EXERCISE GOAL | Word for word, restate the data that follows, omitting the images.

THE DATA |

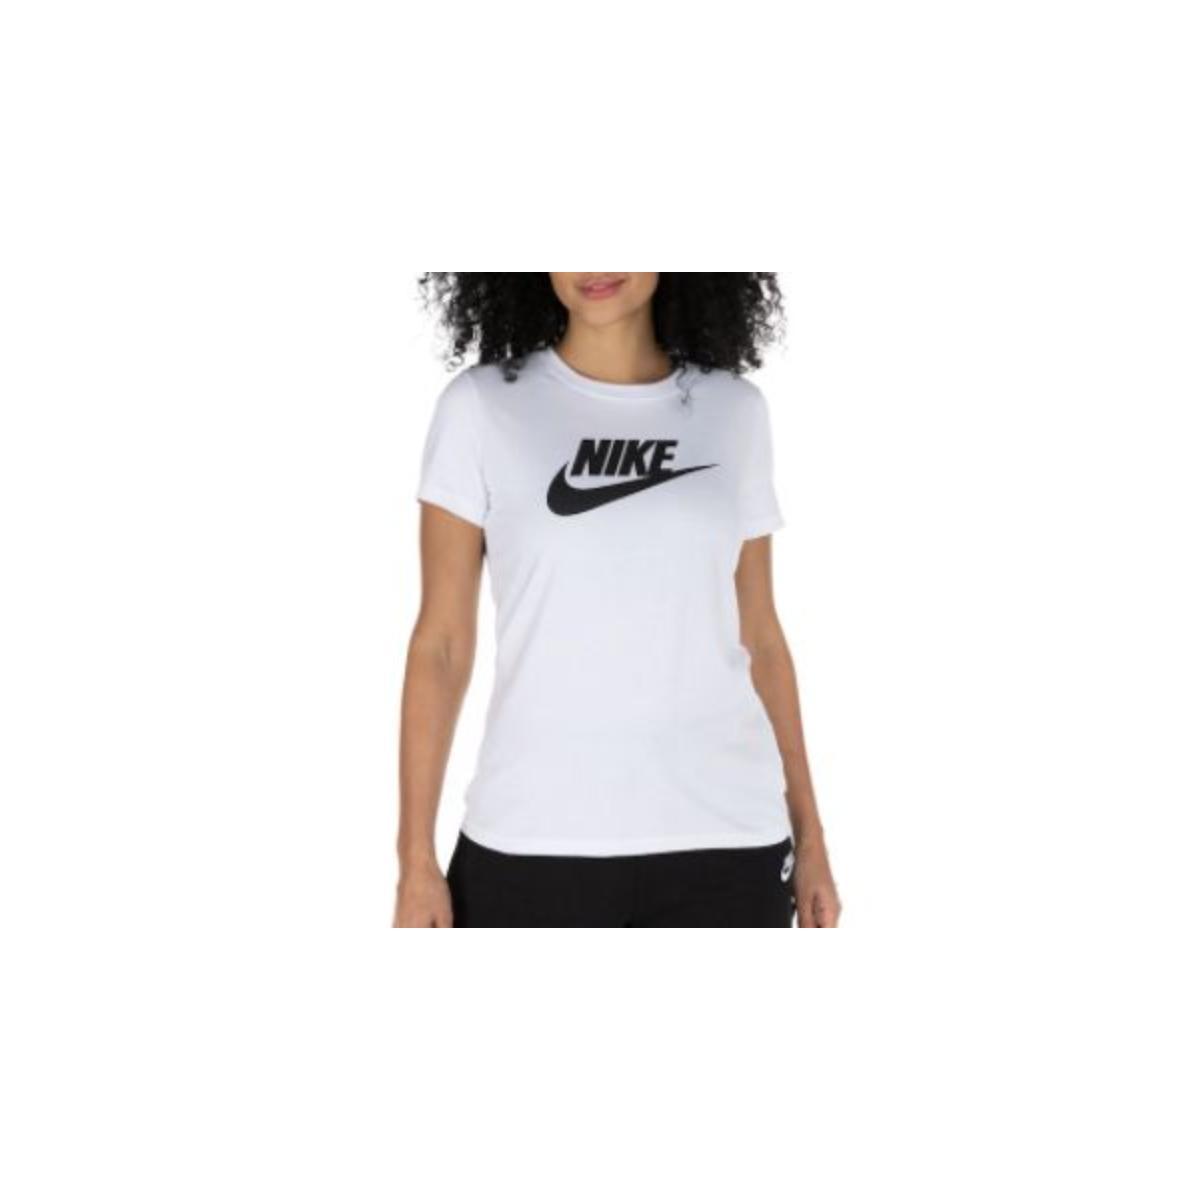 T-shirt Feminino Nike Bv6169-100 Sporwear Essential Branco/preto
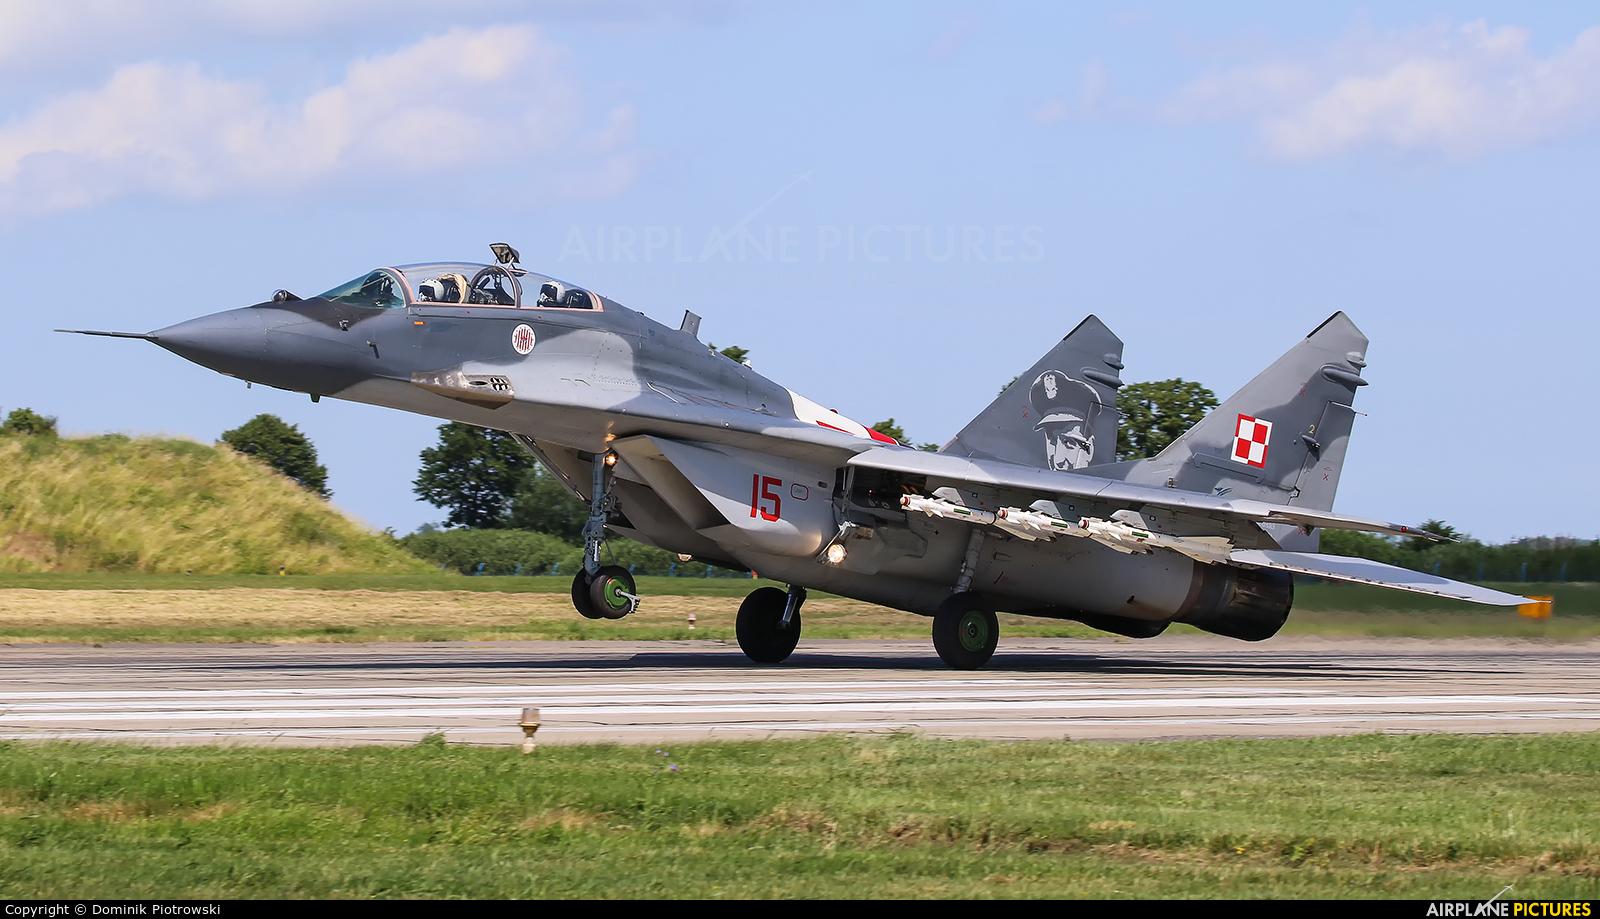 Poland - Air Force 15 aircraft at Malbork
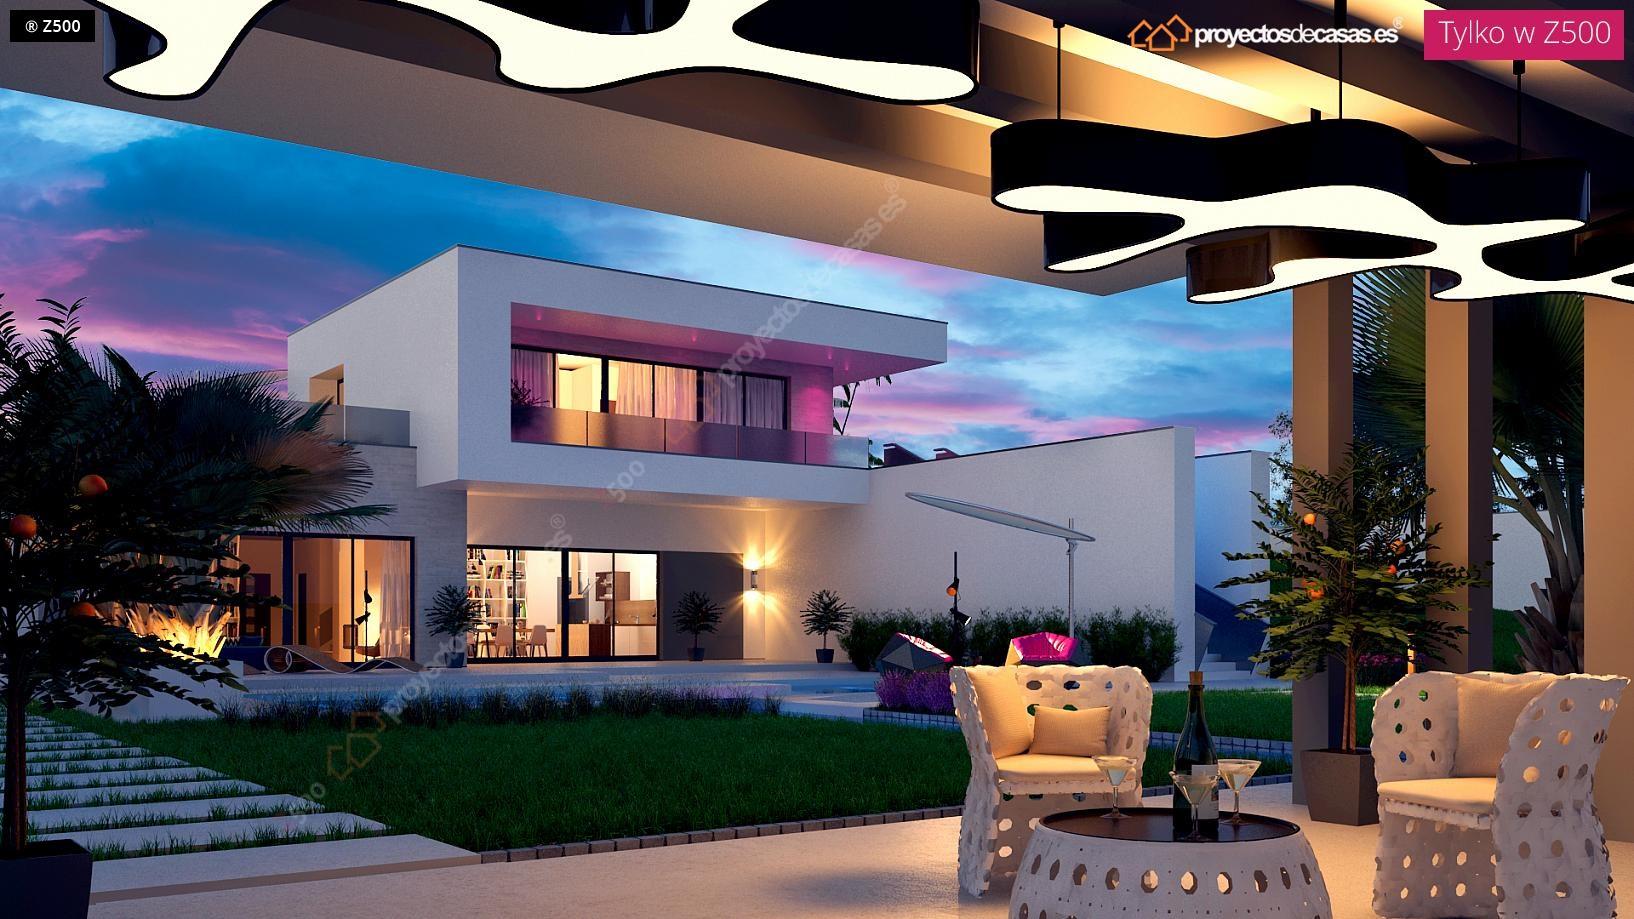 Proyectos de casas casa moderna con piscina for Casa moderna 2017 udine orari

EXERCISE SOLUTION |
 T-shirt Feminino Nike Bv6169-100 Sporwear Essential Branco/preto
 Poland - Air Force 15 aircraft at Malbork
 Proyectos de casas casa moderna con piscina for Casa moderna 2017 udine orari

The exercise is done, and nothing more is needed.